What’s easy to recall about this collection of autobiographical essays is that blogger Samantha Irby is frustrated with dating and 21st-century sexual economies and mores; she loves food and drinks, despite her sensitive bowels, given her Crohn’s disease and wavering income; and she has a complicated, self-hating relationship with her body, which is covered in a variety of types of moles.
In these respects, this author is the voice of my generation: (1) not knowing how to navigate intimacy, (2) feeling petrified and destabilized at a perceived lack of access to “the American Dream” and (3) having ongoing mental health and existential crises as we are increasingly and hyper-aware of the vulnerable, unpredictable, anatomical masses we precariously inhabit are trademark characteristics of being a millennial.
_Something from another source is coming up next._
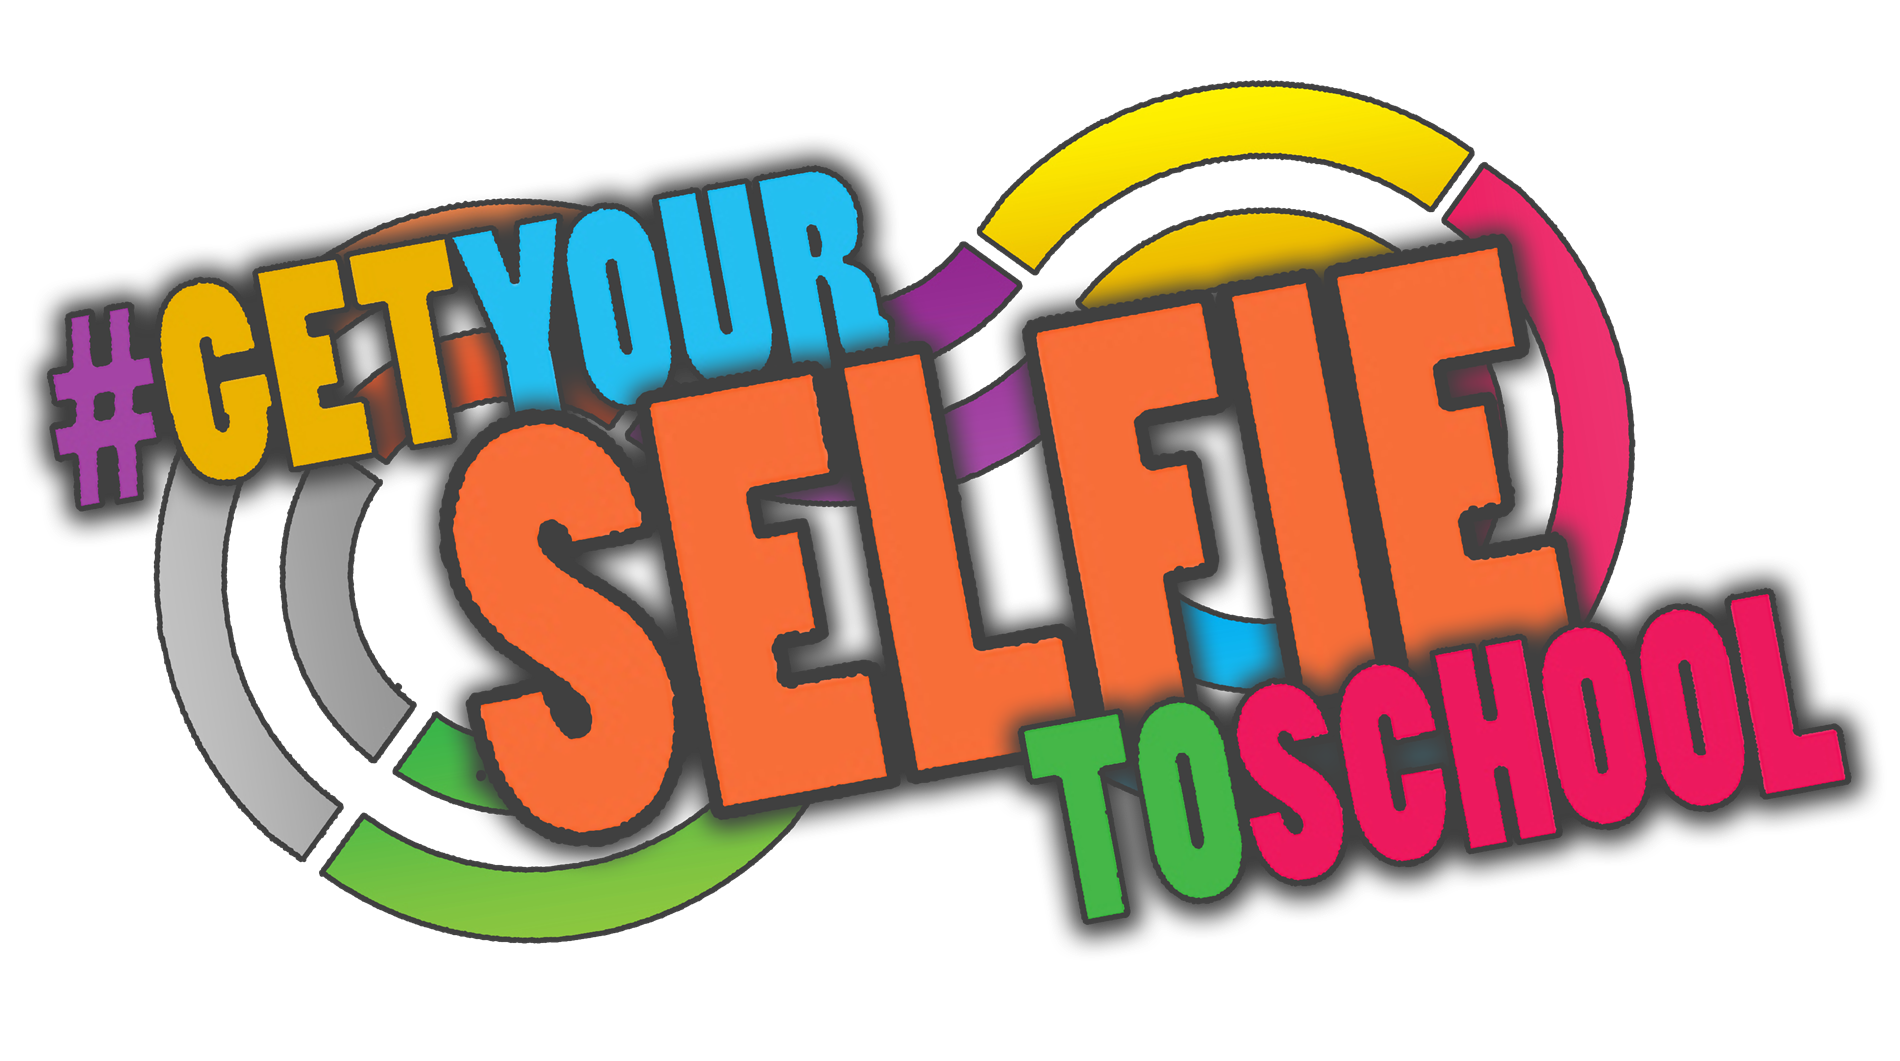 Get yourselfie to school

Ba da bing. Other details that are more easily overlooked are that Irby is an orphan and has been since her teenage years. Her alcoholic father was largely absent from her life and her ailing mother had a debilitating illness that prevented her from parenting, perhaps when Irby needed her most. Some critics would describe this work as “raunchy” given its explicit commentary about sex and details about scatological phenomena, i.e. poop. I’d call it fresh in its aggressive honesty as it holds a steady gaze on experiences we all have, without batting an eye. At one moment, Irby critically reduces underperforming men to shreds. In another, she laments poverty, shared residences and the labors associated with the pursuit of wellness. The work is an incredibly vulnerable testament to what it means to be a woman in a capitalist and patriarchal society that teaches that a woman’s worth is irrevocably tied to her consumption of products and contingent upon her appeal to men. For more like this, see Irby’s “We Are Never Meeting in Real Life” or “It Looked Different On the Model” by Laurie Notaro, one of librarian Brenda Ellis’ recommendations.